这是什么情况啊?
他们看不懂,但是不代表崔玉楼不懂,他清楚王修这是在拿捏自己。
能够横扫交州之人,岂是连这点东西都看不穿的,这分明就是故意不懂而已。
王修不收,崔玉楼却是急了。
一咬牙,他直接是跪了下来,郑重道:“大都督,这些礼物您一定要收下来,这事关我们崔家的声誉。如果您不收的话,我回去一定会被打死的。”
卧槽!
众人直接是懵逼了,居然跪着求人收下礼物,这也是没谁了。
王修也是一脸动容,叹息道:“竟如此严重,既然关乎崔家声誉,那我就收下了,不然我的罪过可就严重!”

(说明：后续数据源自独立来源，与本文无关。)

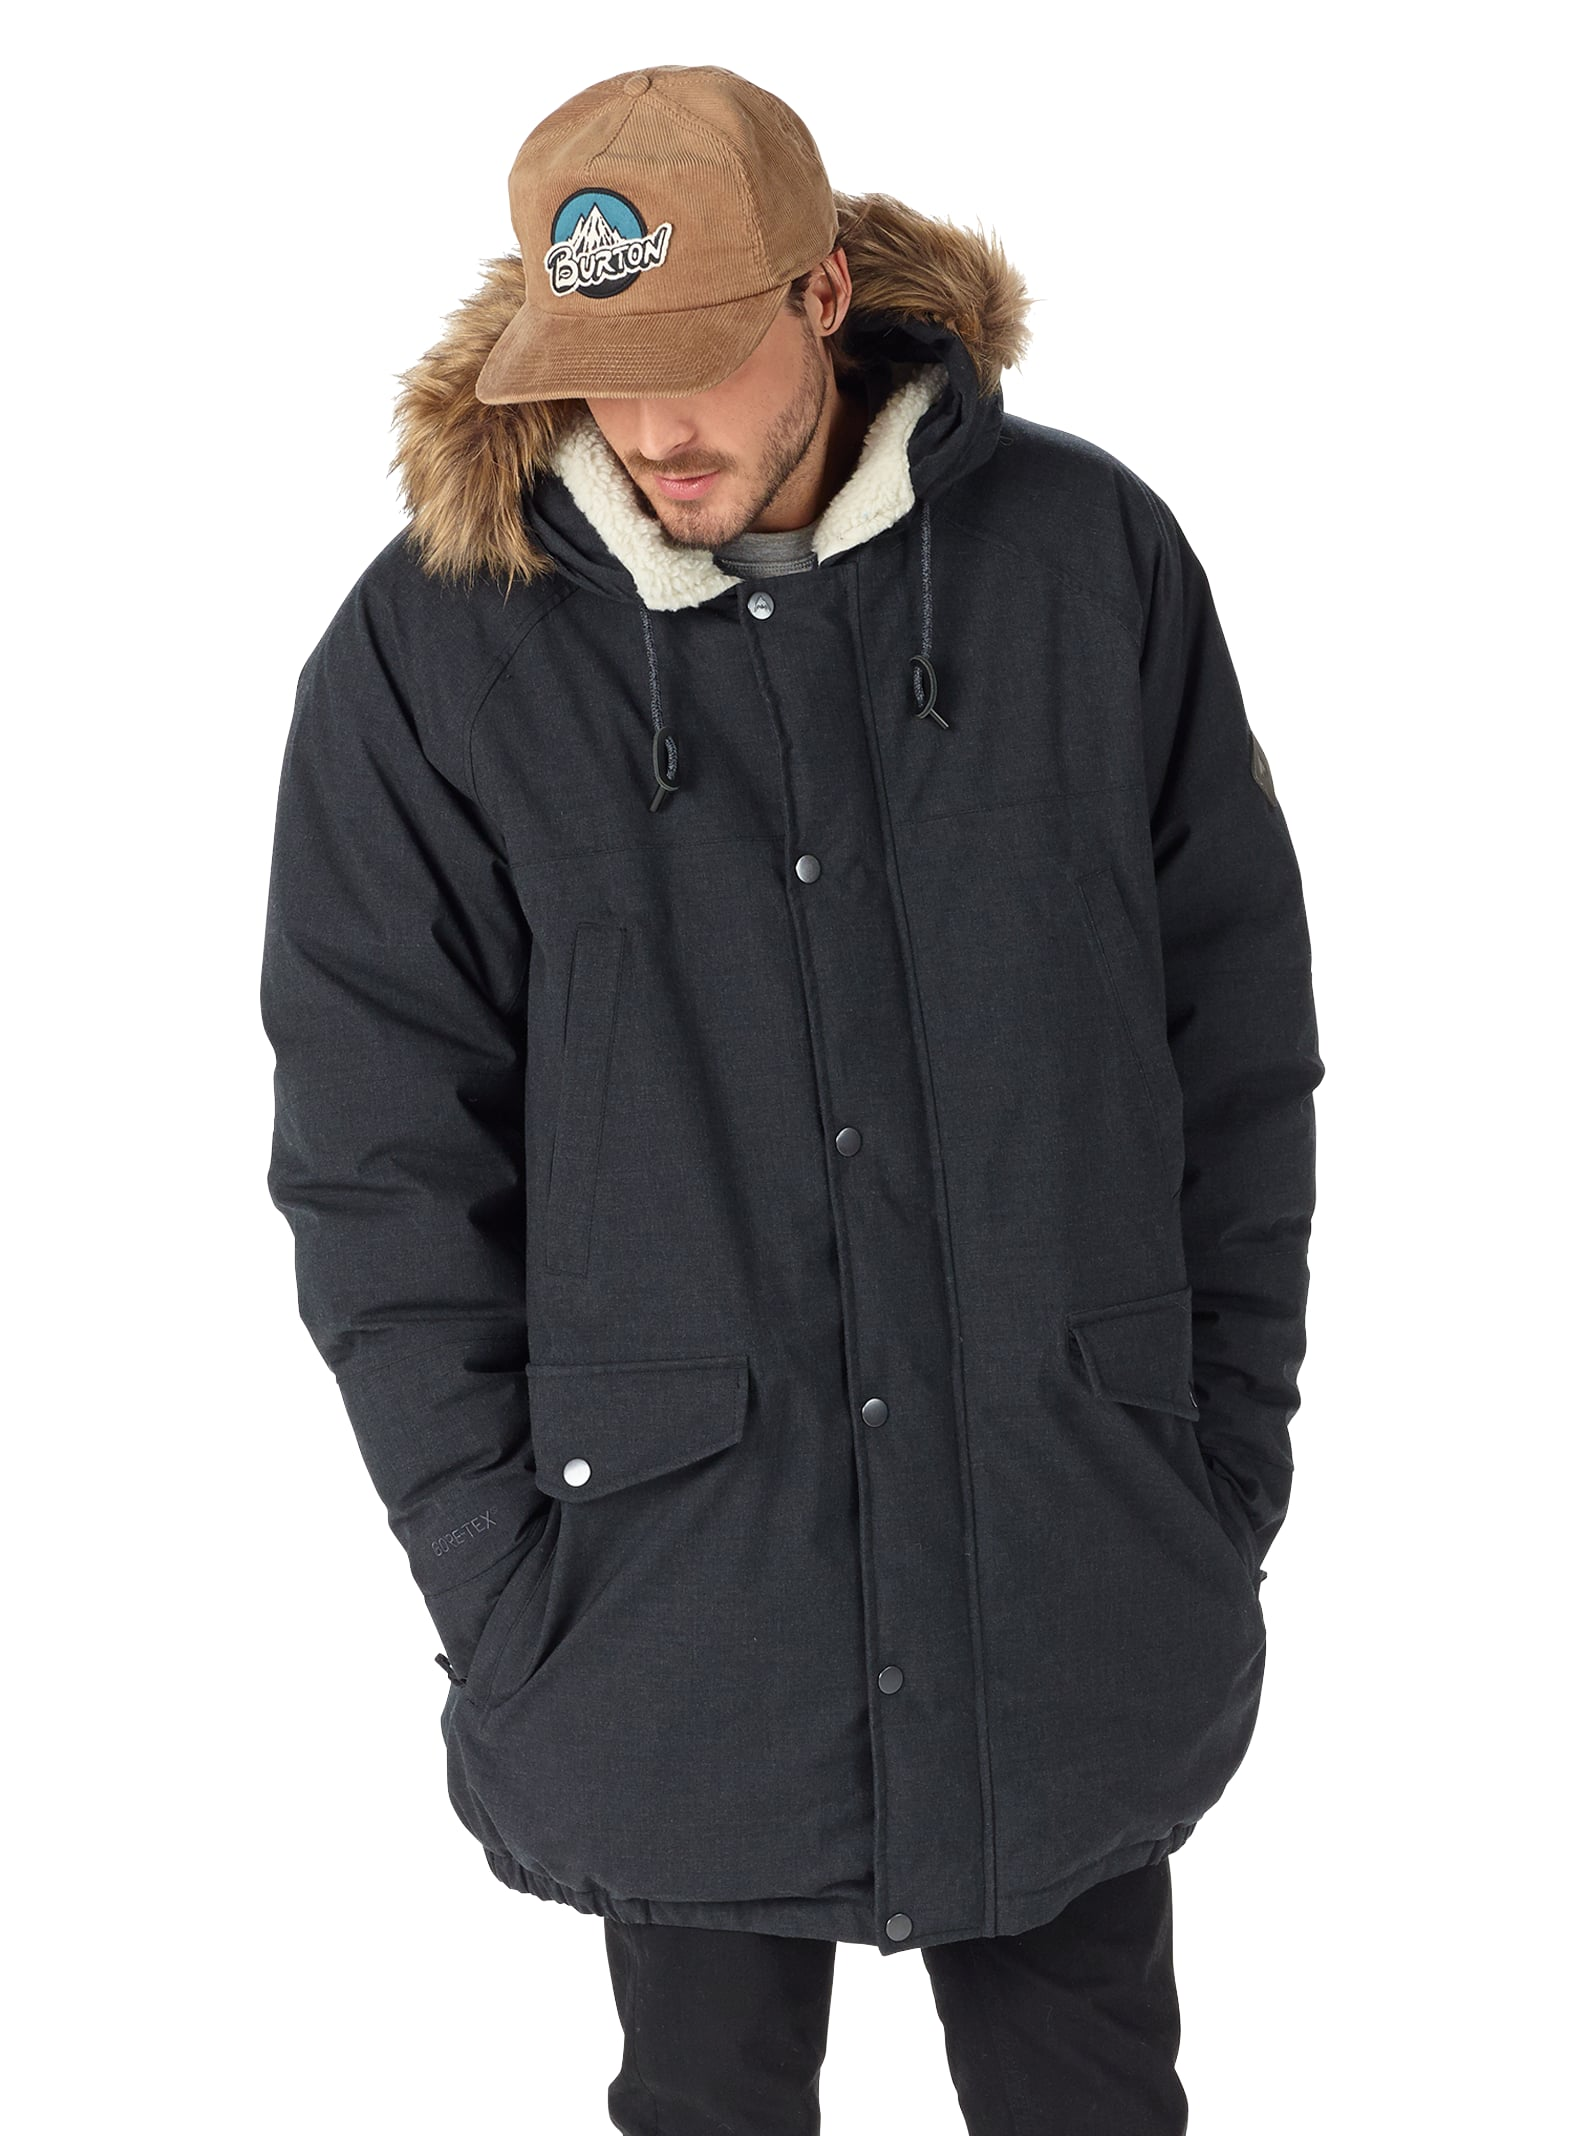 Burton mb encore insulated jacket men's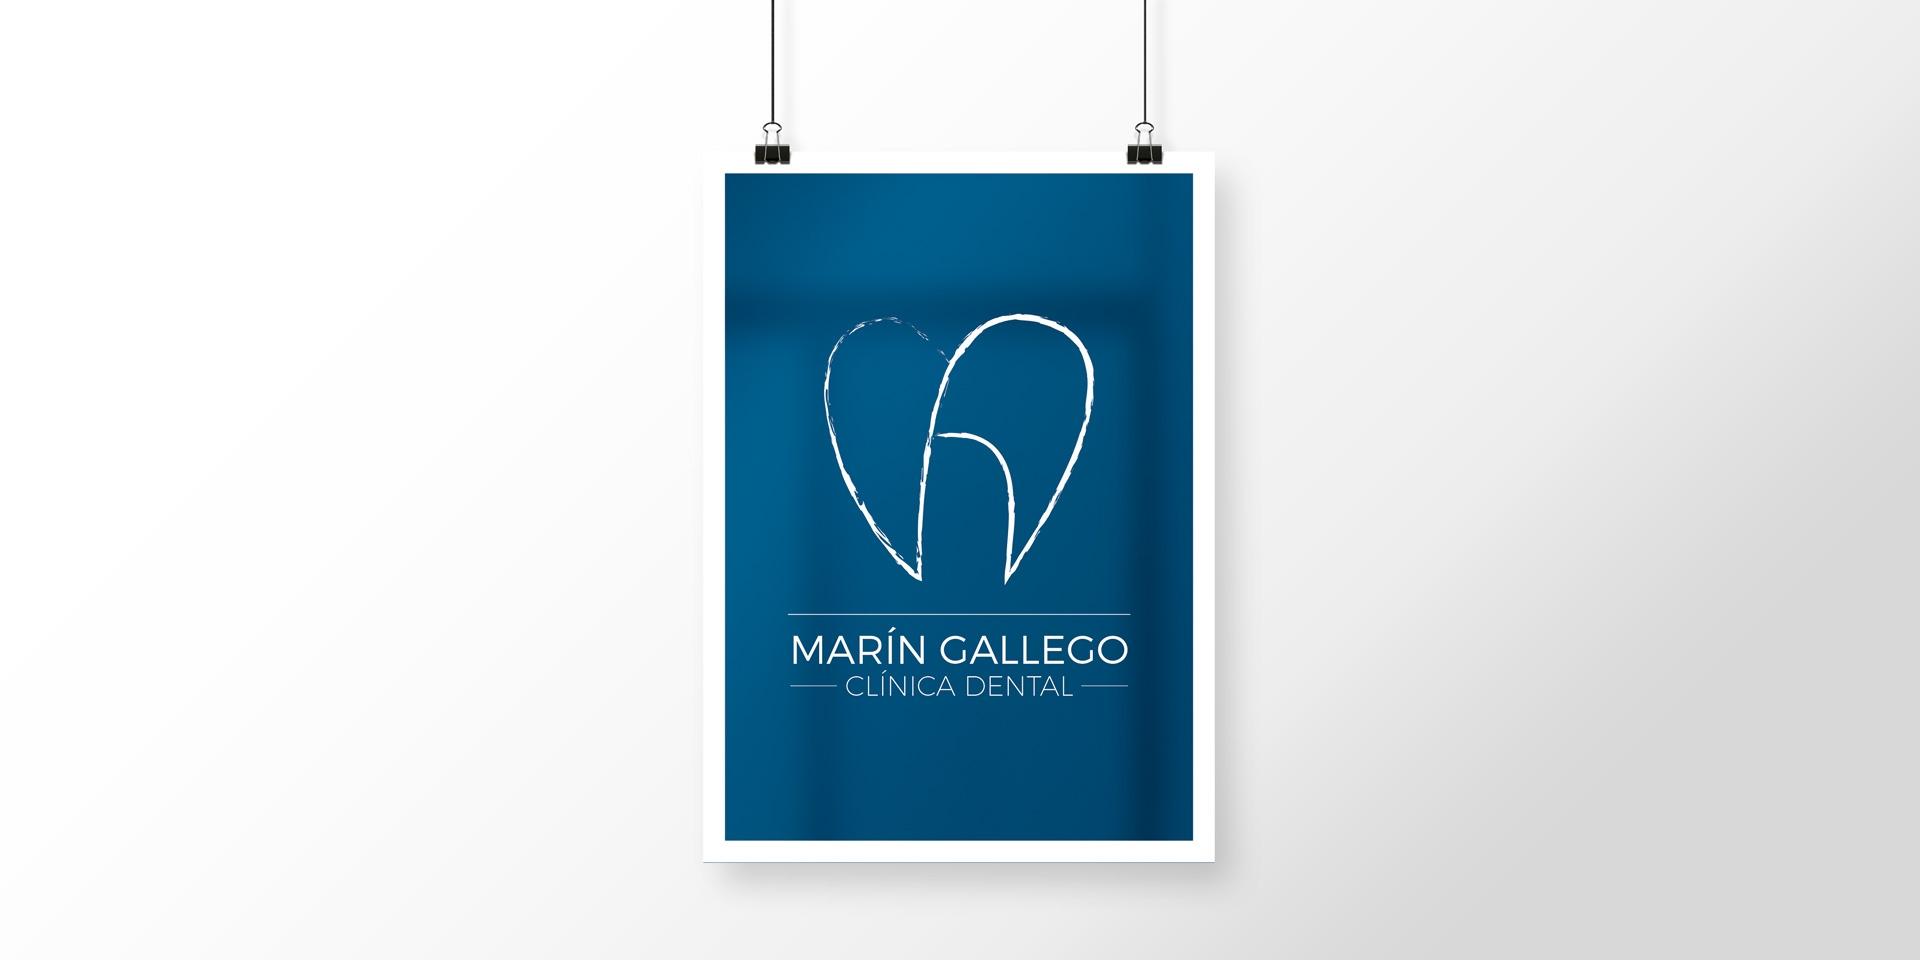 Clínica Dental Marín Gallego

哎,真是太难了,不收礼都不行,不然会连累崔家名声受损的。
卧槽!
听到这句话,就连小酒都忍不住是哭笑不得,如果自己是崔玉楼的话,估计要被气死了。
送礼就算了,还被逼着跪着求收下,这实在是太卑微了。
呼呼!!
看到王修收下礼物,崔玉楼和袁方却是长长松了口气,总算是逃过了一劫。
如果今天王修不收的话,这次恐怕麻烦就大了。
尤其是袁方,一开始他还不以为意,但是在崔玉楼将一些王修的事迹告诉他之后,他直接是不淡定了。再加上在长安看到的事情,他差点没吓死。
连侯君集和王家都顶不住,袁家恐怕更顶不住了。
现在王修收下礼物,自己两人简直就是死里逃生啊。
不过这不是他的目的,这次他可是前来寻找出路的,而不是过来得罪人的。
心一横,他走了出来,郑重道:“大都督,其实这次我除了前来表示歉意之外,还有就是前来给您报信的。”
“报信?”
王修愣了一下,好奇道:“你倒是说说,你要报什么信啊?”
这家伙就是一个三流世家而已,居然还说什么报信,倒是有点意思啊,似乎没有什么是自己不知道的吧。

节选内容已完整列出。